Both classes expose the same API: status(), attributes(), watch() (async iterator of live status), snapshot(), start_print(), pause(), resume(), stop(), set_print_speed(), set_fan_speed(), set_temperatures(), canvas_status(), set_auto_refill(). Write methods require enable_control=True at connect time and raise ControlDisabledError otherwise. Canvas methods raise PrinterError on CC1 (no Canvas support over SDCP).

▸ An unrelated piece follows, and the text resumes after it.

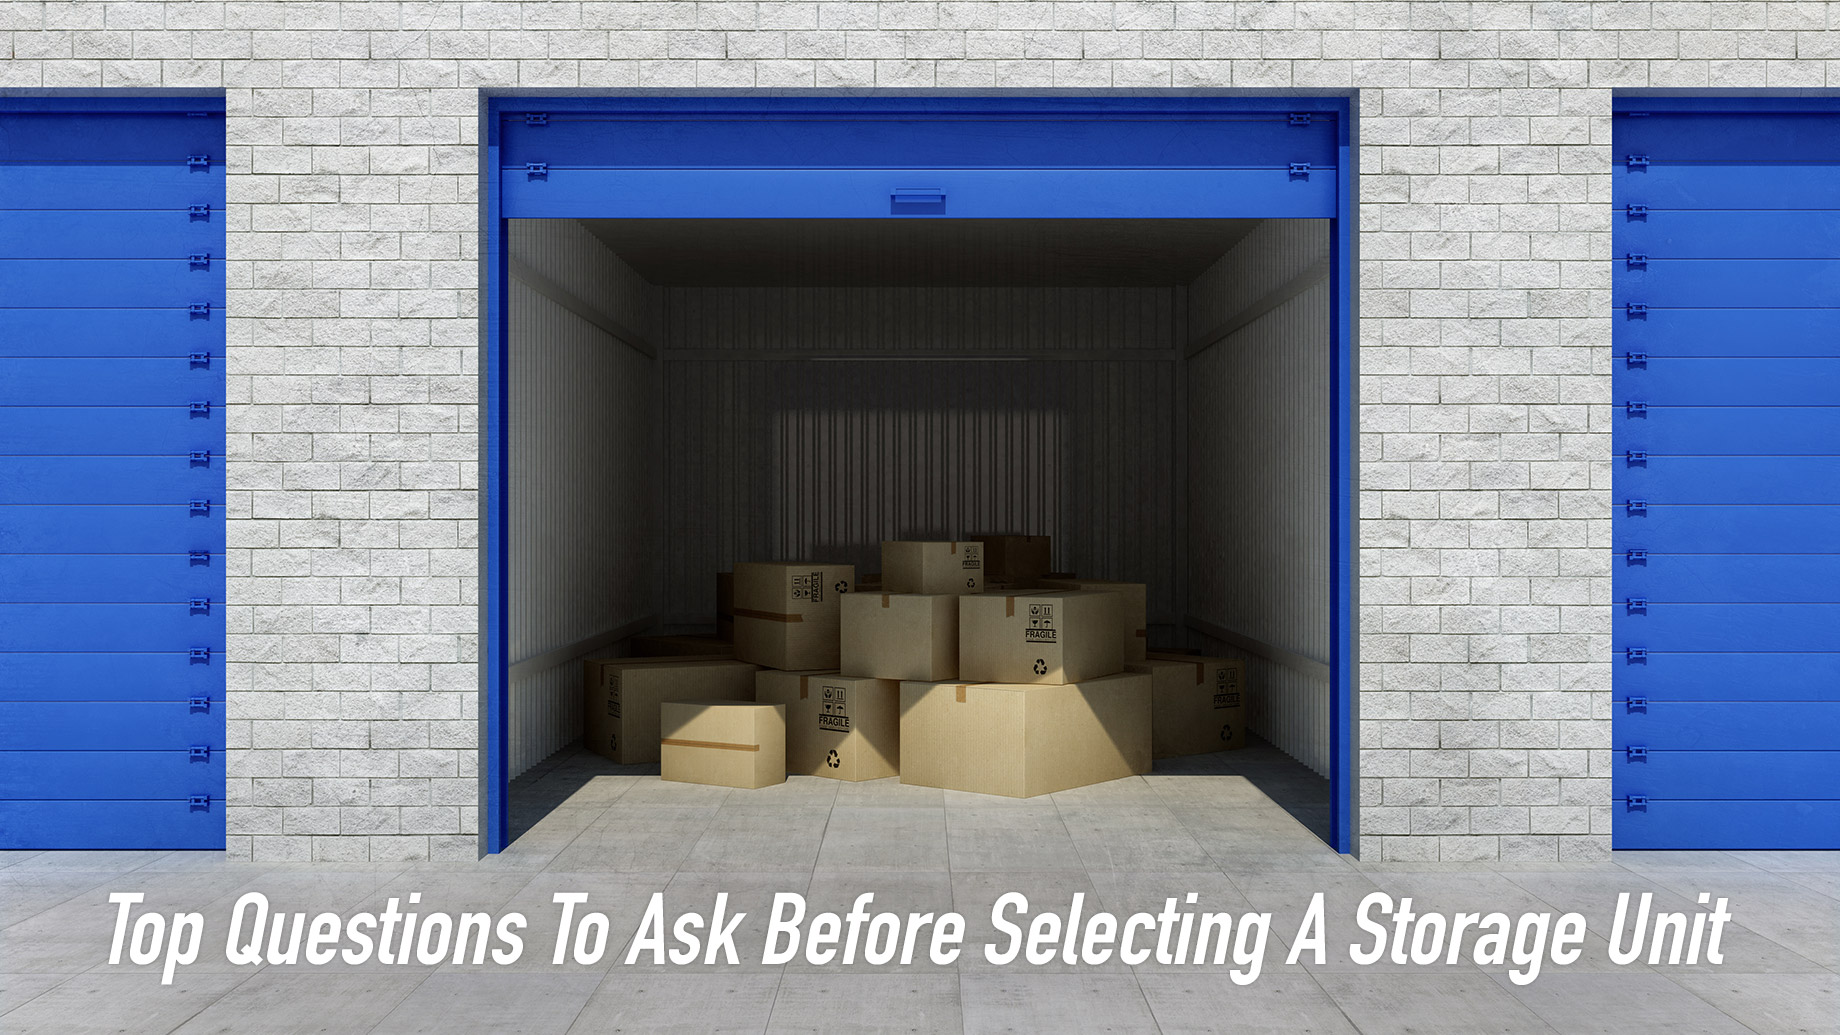 Top Questions To Ask Before Selecting A Storage Unit

CC2-only telemetry rides along in Status.raw["_cc2"]: the live head speed (gcode_move_speed — the commanded speed of the current move in mm/min; divide by 60 for the mm/s figure the printer's screen shows), speed_mode, filament runout sensor state, firmware-computed remaining_time_sec, machine_status/sub_status raw codes, and external_device (camera / U-disk presence).

HTTP server + web UI

# Read-only, loopback only
centauri server --host 192.168.1.209

# Read + write + RTSP, on the LAN (put an authenticating proxy in front)
centauri server --host 192.168.1.209 --bind 0.0.0.0 --port 8787 \
                --enable-control --rtsp

# CC2
centauri server --host 192.168.1.189 --access-code Ab3dEf \
                --bind 0.0.0.0 --port 8787 --enable-control

The server holds a single long-lived connection to the printer (WebSocket for CC1, MQTT for CC2) with automatic reconnect and exponential backoff — it will never exhaust CC1's 5-connection limit.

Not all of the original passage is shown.